▶ **PROBLEM TO WORK ON**:
What you return should be the complete listing, unchanged, with no pictures in it.

▶ **INFORMATION PROVIDED**:
- - - -

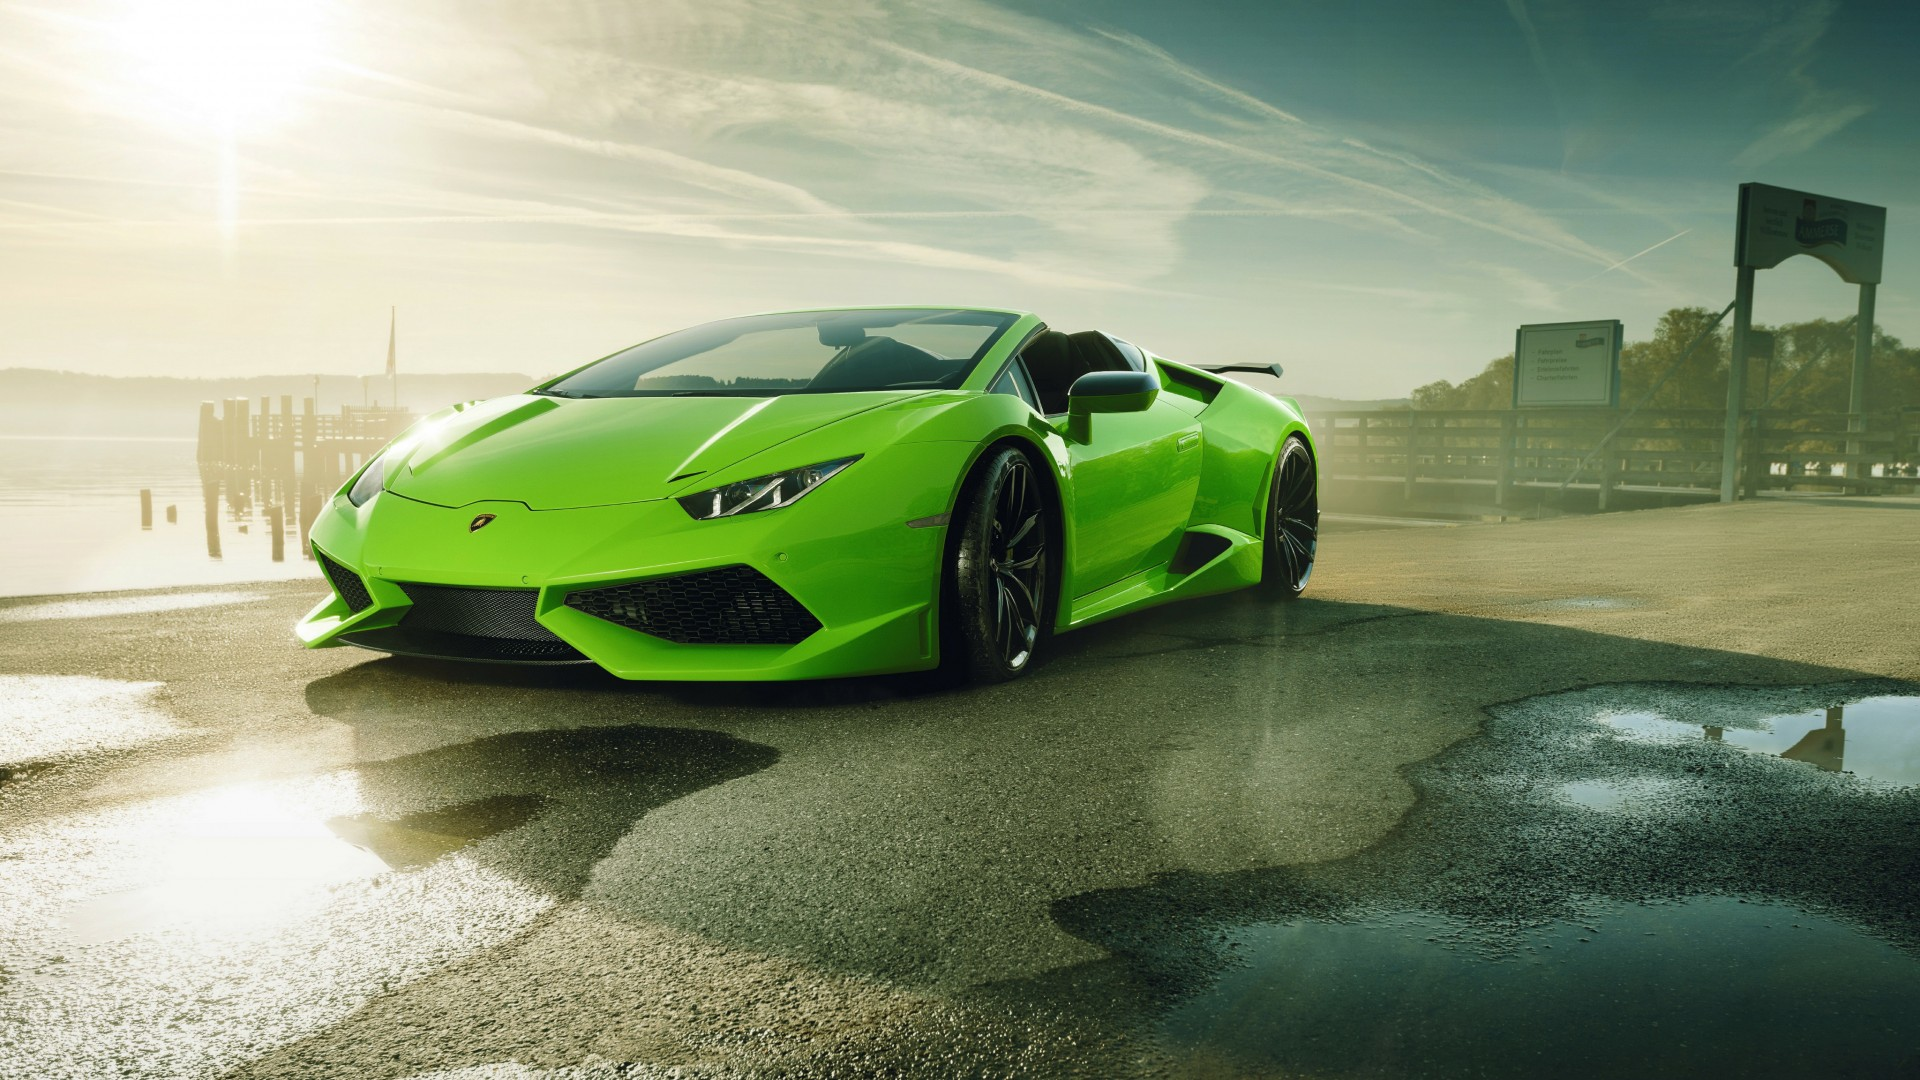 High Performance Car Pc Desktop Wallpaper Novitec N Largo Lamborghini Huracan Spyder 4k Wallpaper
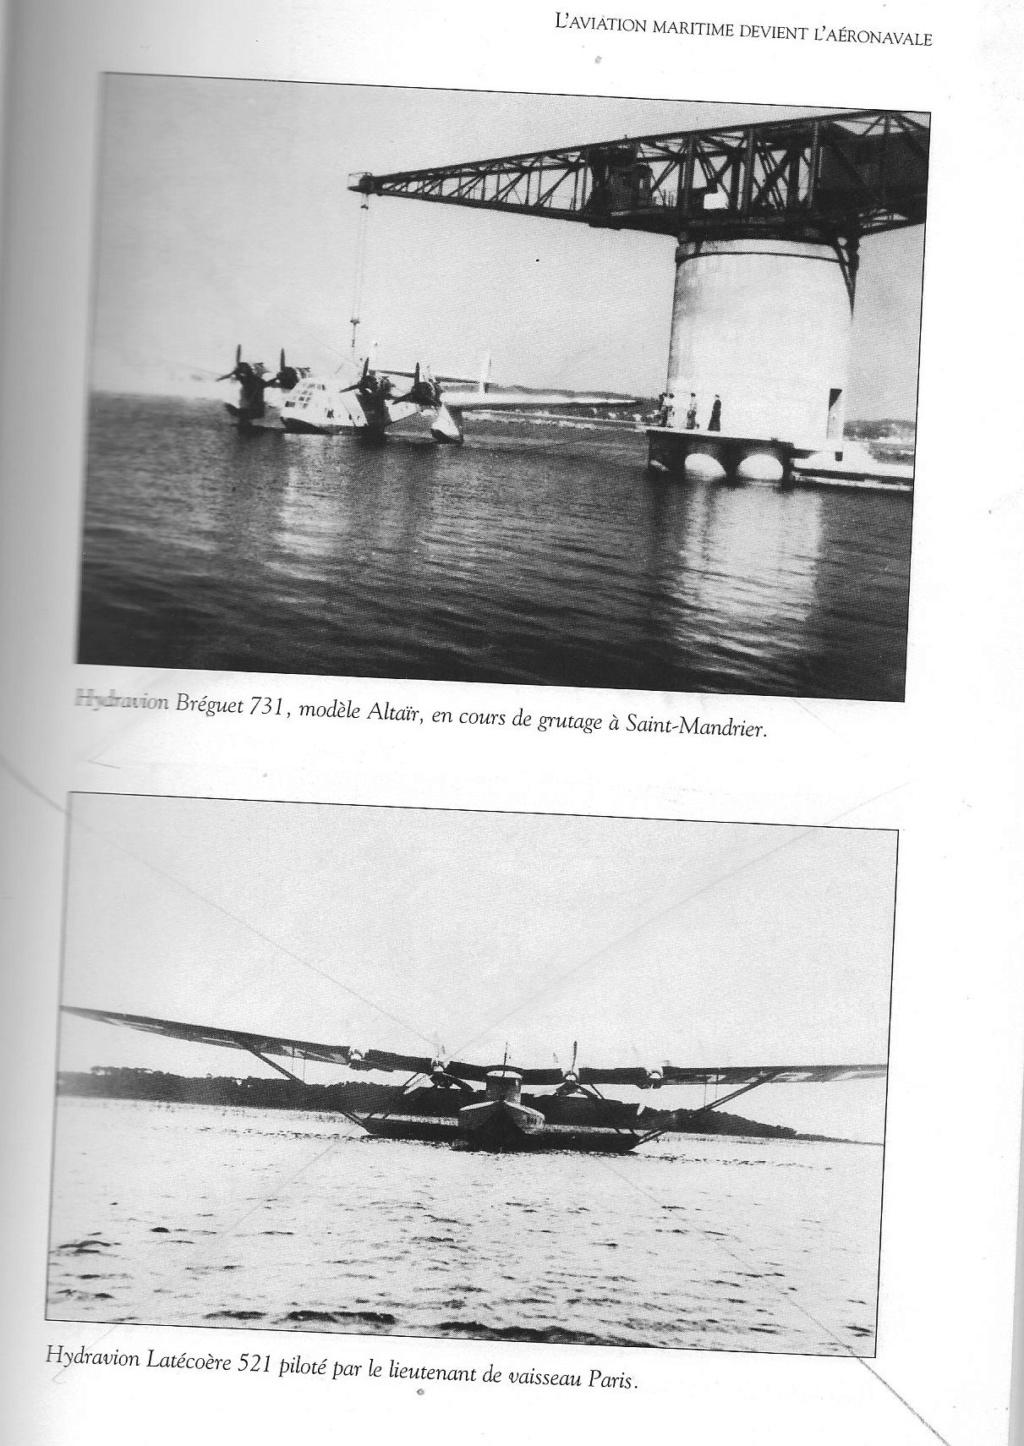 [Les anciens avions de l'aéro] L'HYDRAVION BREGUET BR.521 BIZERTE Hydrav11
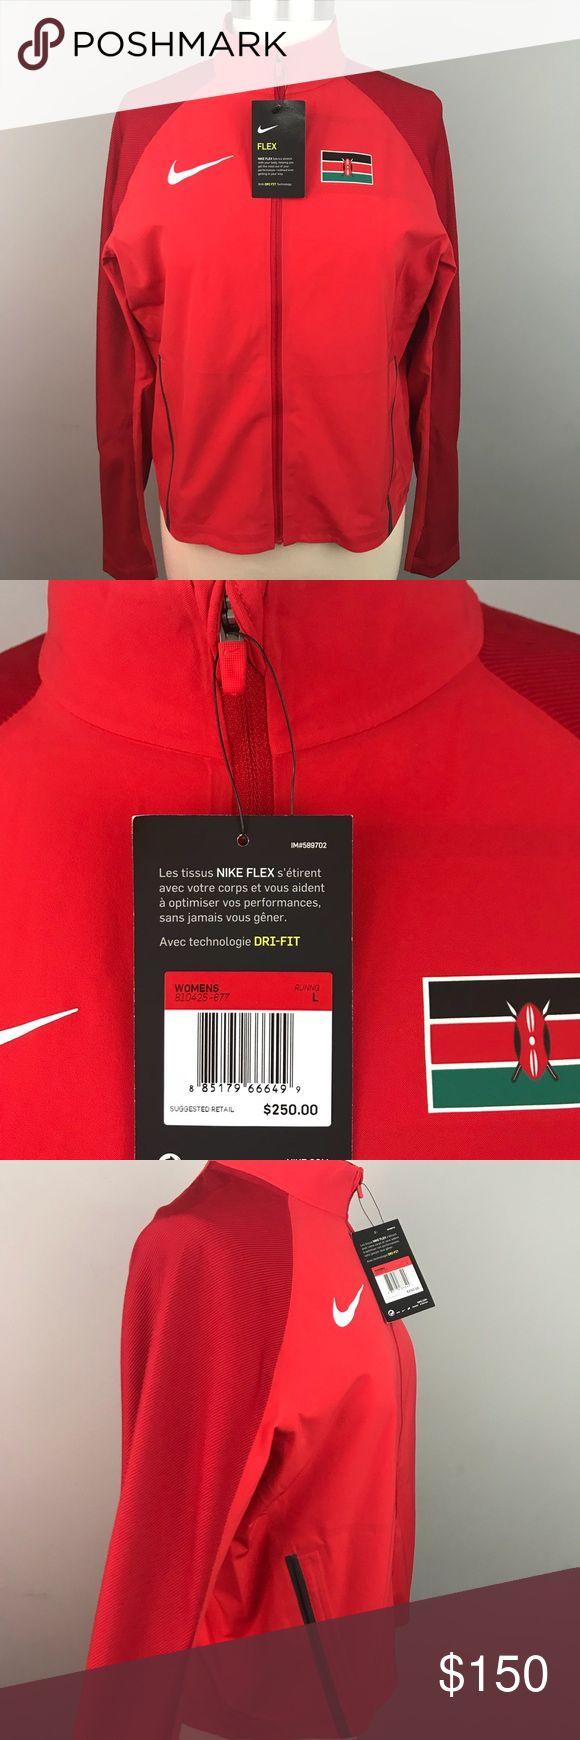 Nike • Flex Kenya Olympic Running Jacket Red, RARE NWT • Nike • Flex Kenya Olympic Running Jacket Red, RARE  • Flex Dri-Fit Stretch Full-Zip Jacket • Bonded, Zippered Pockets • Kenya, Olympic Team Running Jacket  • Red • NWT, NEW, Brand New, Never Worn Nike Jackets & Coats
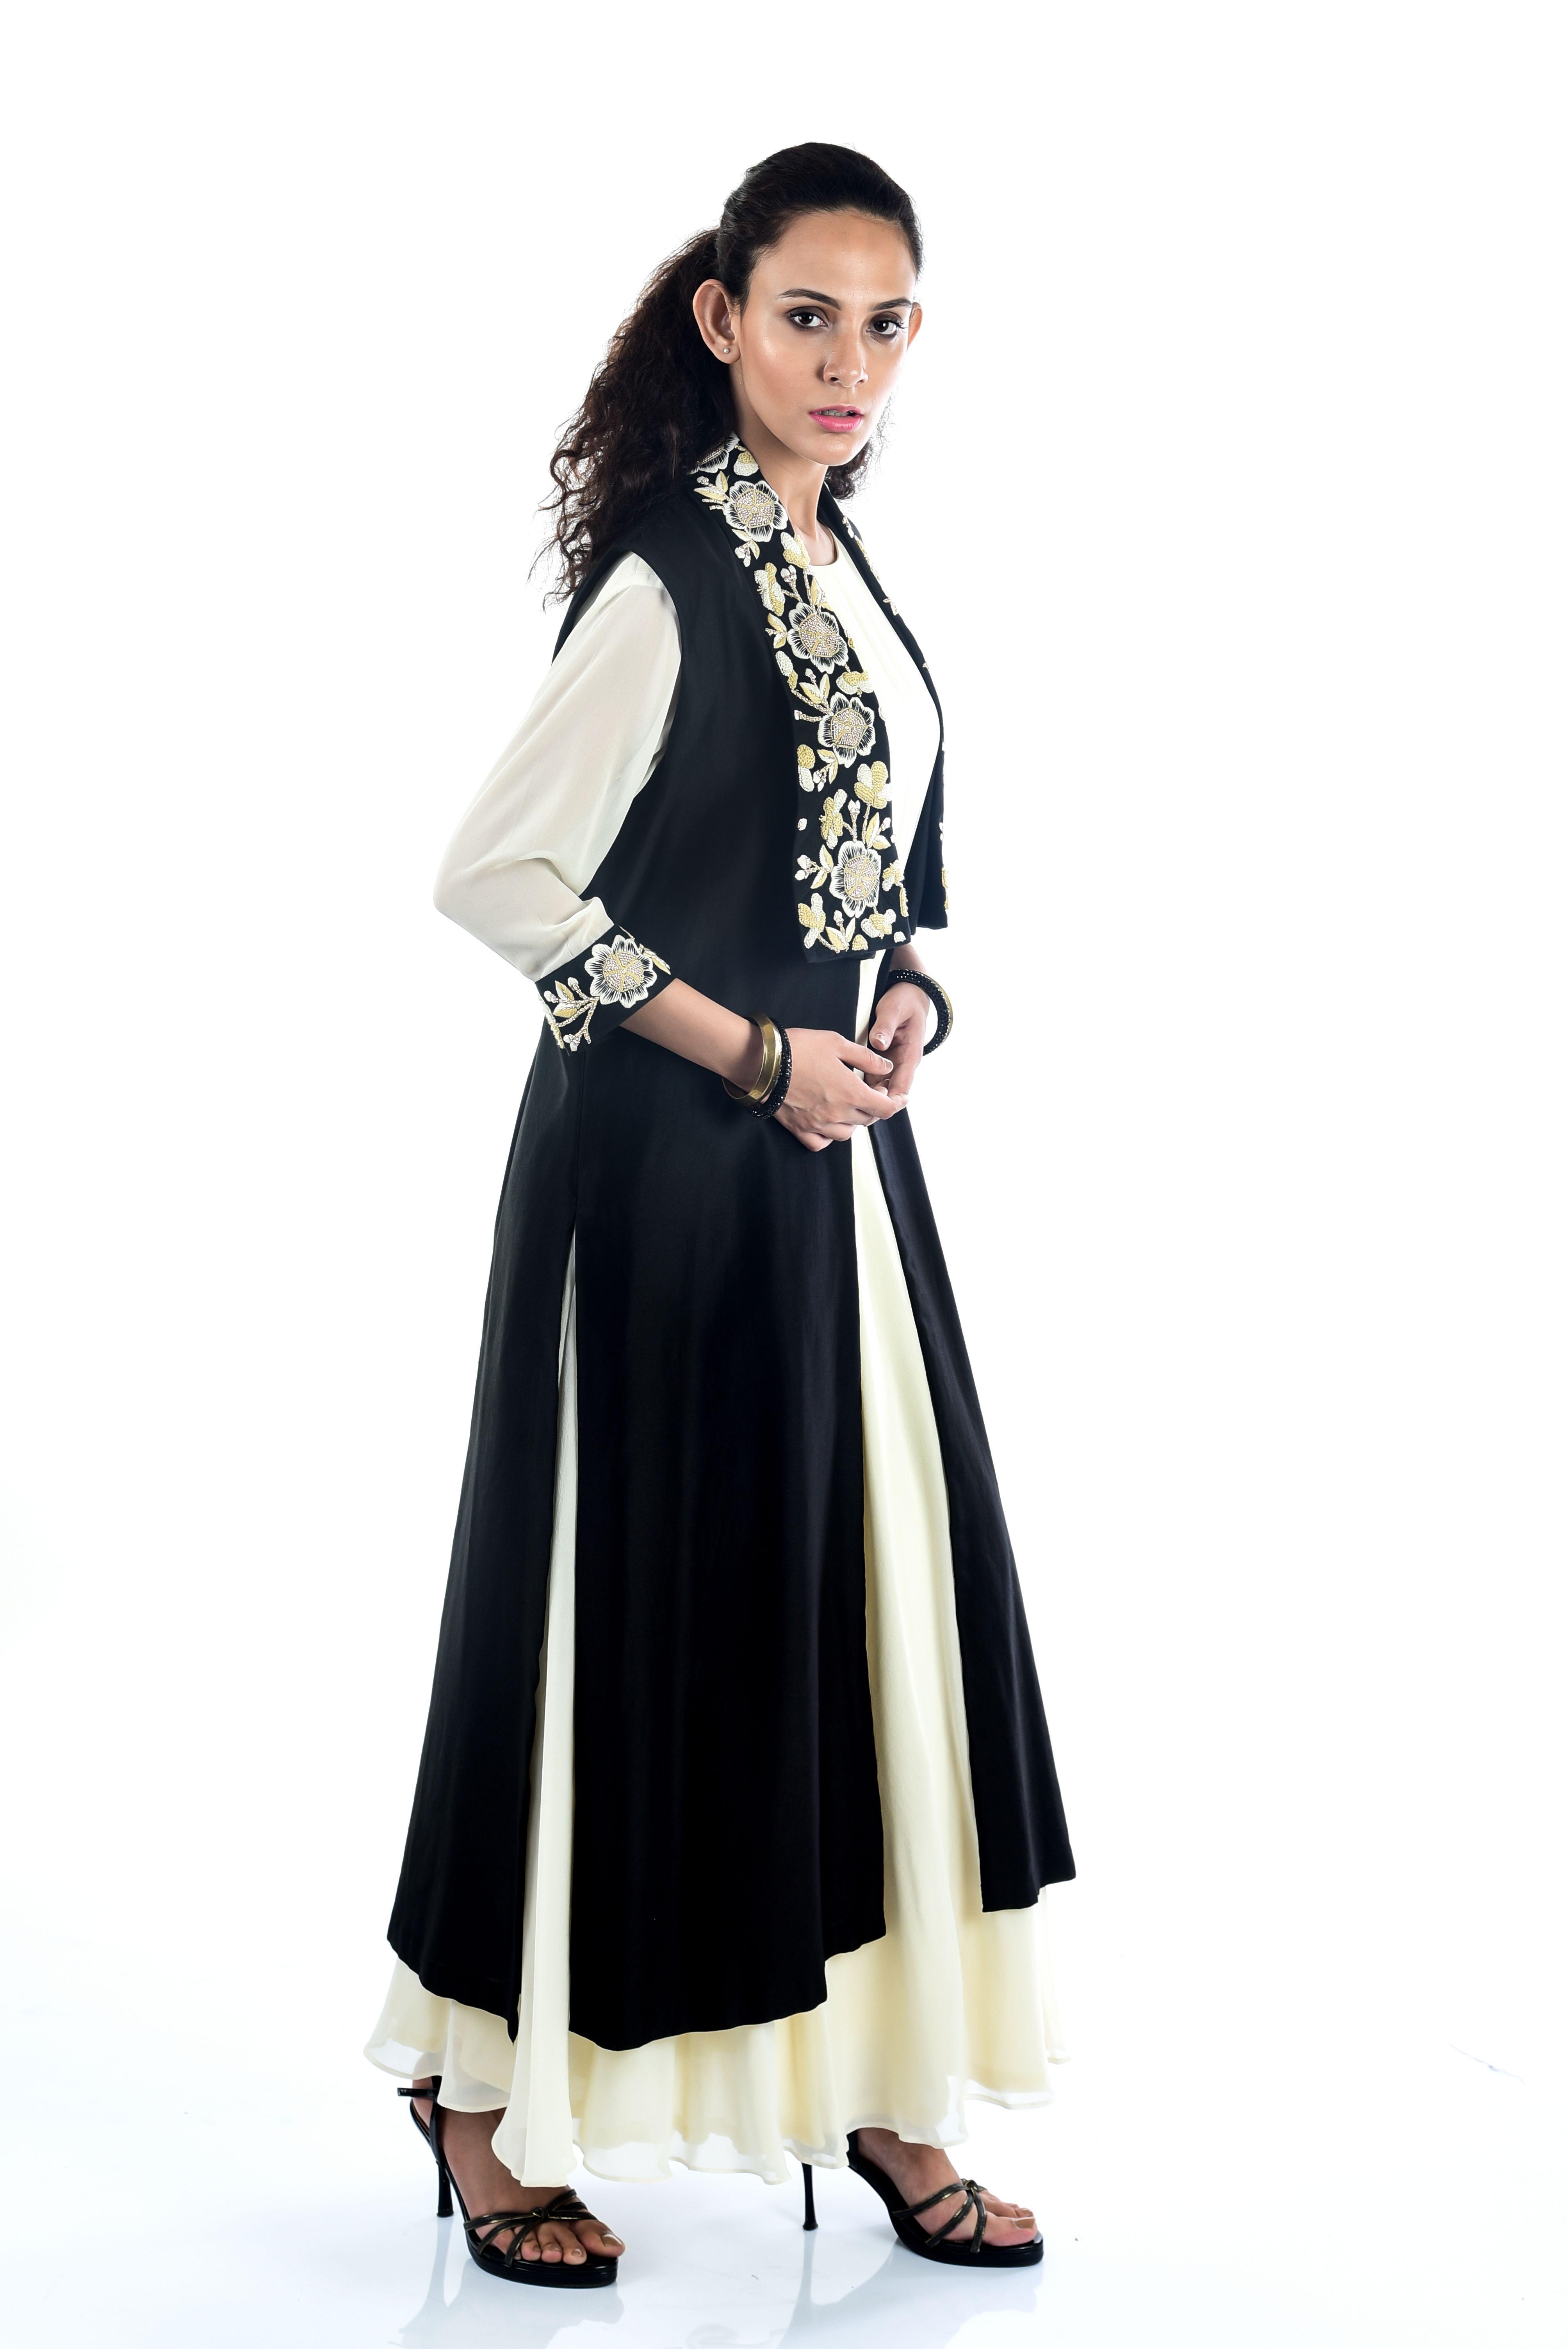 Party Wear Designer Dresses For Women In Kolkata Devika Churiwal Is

- - - -

▶ **REPLY**:
 High Performance Car Pc Desktop Wallpaper Novitec N Largo Lamborghini Huracan Spyder 4k Wallpaper
 [Les anciens avions de l'aéro] L'HYDRAVION BREGUET BR.521 BIZERTE Hydrav11
 Nike • Flex Kenya Olympic Running Jacket Red, RARE NWT • Nike • Flex Kenya Olympic Running Jacket Red, RARE  • Flex Dri-Fit Stretch Full-Zip Jacket • Bonded, Zippered Pockets • Kenya, Olympic Team Running Jacket  • Red • NWT, NEW, Brand New, Never Worn Nike Jackets & Coats
 Party Wear Designer Dresses For Women In Kolkata Devika Churiwal Is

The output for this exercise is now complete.